The shareholders and creditors of Vedanta ltd had met in Goa yesterday to vote on the proposal. However, the real test for Agarwal is next week, on September 12, when Cairn India has called a shareholders' meeting to seek approval for the company's takeover by its parent under a revised all-share deal. To save the deal, the Agarwal-led group in July sweetened the deal by offering three additional preference shares in hope of winning over minority shareholders like LIC.
Through the merger, Agarwal is looking to create India's largest diversified natural resources firm, which could compete with BHP Billiton and Vale SA. In the revised offer, Vedanta will give minority shareholders of Cairn India one equity share and four redeemable-preference shares with a face value of Rs 10 each.

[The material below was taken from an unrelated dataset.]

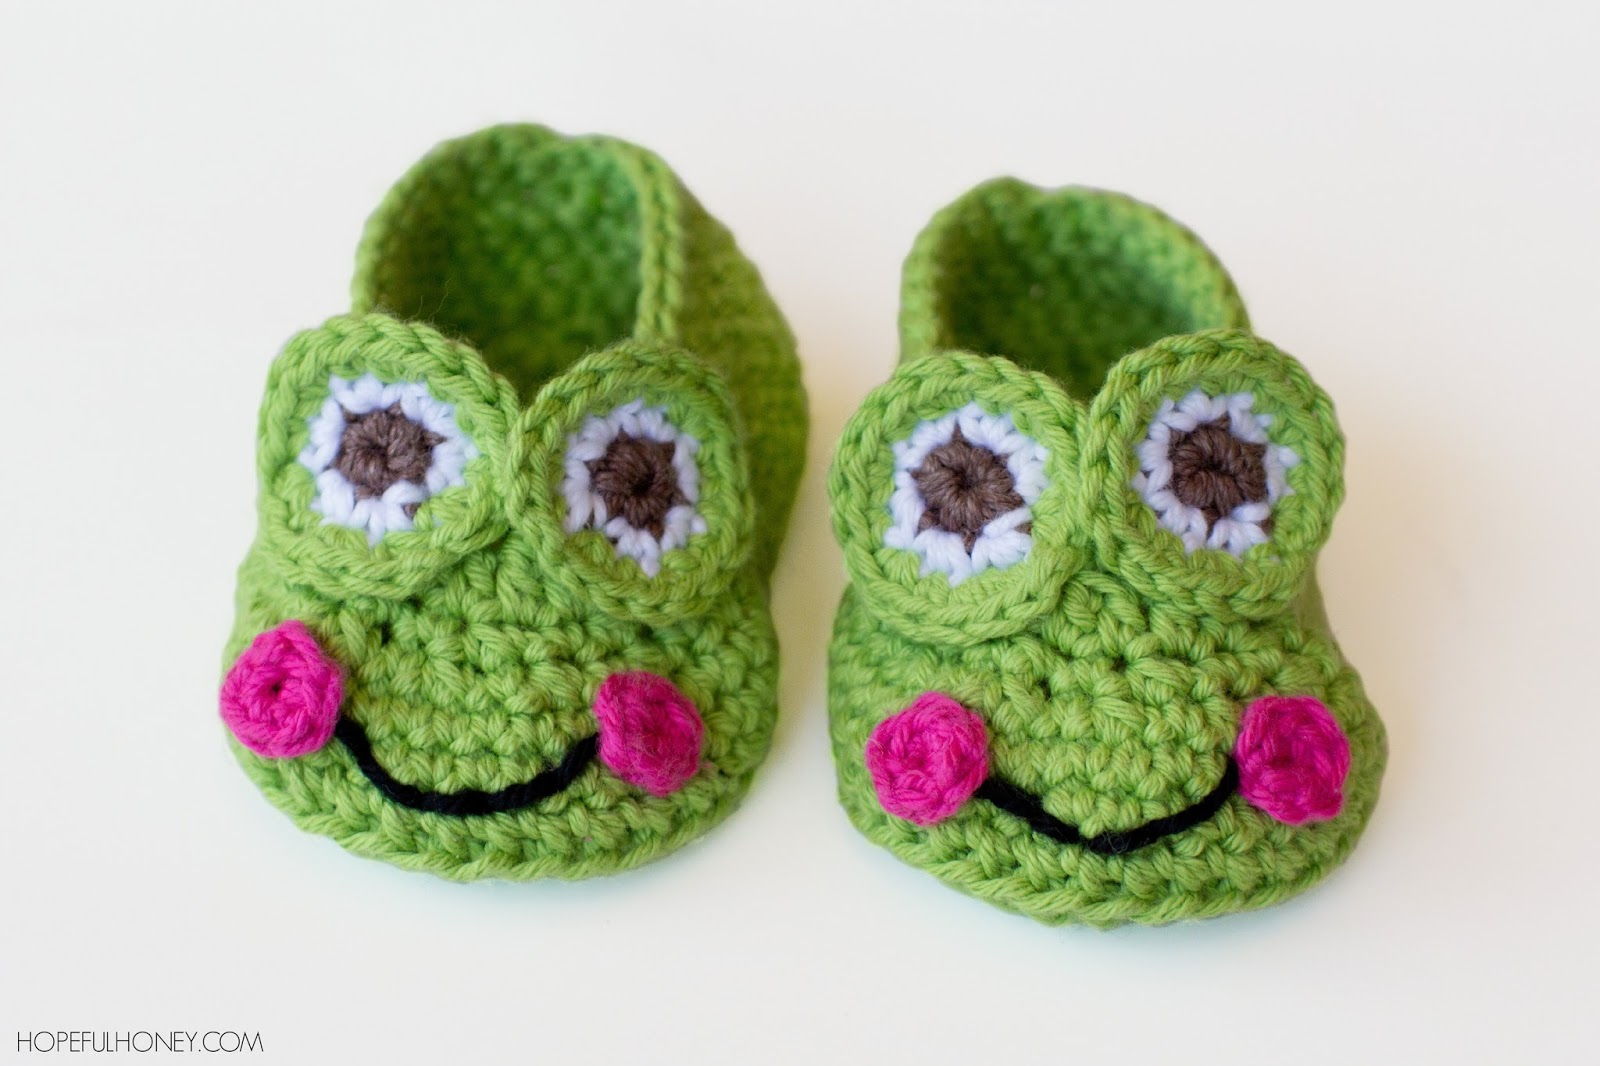 40+ Adorable and FREE Crochet Baby Booties Patterns --> Crochet Frog Baby Booties

The preference shares will carry a coupon of 7.5 per cent and tenure of 18 months. Vedanta is said to be wanting to use Rs 23,290 crore cash lying with Cairn to pay off part of its Rs 77,952 crore debt. It had in May rolled over a controversial $1.25-billion loan taken from Cairn India in July 2014. For the merger to go through, half of the minority shareholders, who together make up for 40 per cent of the Cairn equity, have to approve the deal. State-owned LIC holds 9.06 per cent in Cairn India while the company's former promoter Cairn Energy Plc of the UK has 9.82 per cent interest. The deal will go through if LIC votes in favour of the deal, a source said.